Surveys indicate that two-thirds of all US companies have started to look proactively for new ways to collect and report nonfinancial data, including intellectual capital.
At least a third of the current investment decisions by US companies are considered partly on the basis of intangibles. Statistics suggest that greater reliance on nonfinancial measures results in more accurate earnings forecasts.
Intellectual capital (IC) is an offspring of the knowledge era. It is still in its formative phase, having first been formally recognized in 1991 when the large Swedish corporation, Skandia, started implementing a comprehensive set of innovative knowledge practices to account for its intangible assets. This pioneering initiative, championed by Jan Carendi and Bjorn Wolrath, resulted in Leif Edvinsson being appointed as the world’s first Director of Intellectual Capital (IC).
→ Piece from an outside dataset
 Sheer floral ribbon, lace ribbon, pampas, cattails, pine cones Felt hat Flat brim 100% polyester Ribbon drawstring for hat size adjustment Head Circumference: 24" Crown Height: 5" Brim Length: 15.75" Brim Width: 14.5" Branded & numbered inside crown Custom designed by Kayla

How will business assets be evaluated over the next decade—will they take account of those assets that are frequently and simultaneously both the most important and the most intangible? It is worth considering:
why just a handful of the millions of companies started since 1900 achieved solid growth for two decades, and why most of them failed within less than five years;
why managers try to achieve results by imposing financial goals and controls while knowing next to nothing about their company’s products, technologies, and customers;
how managers succeed without having any idea of the return on investments in network relationships, the costs of seeking information, or the state of their IC index.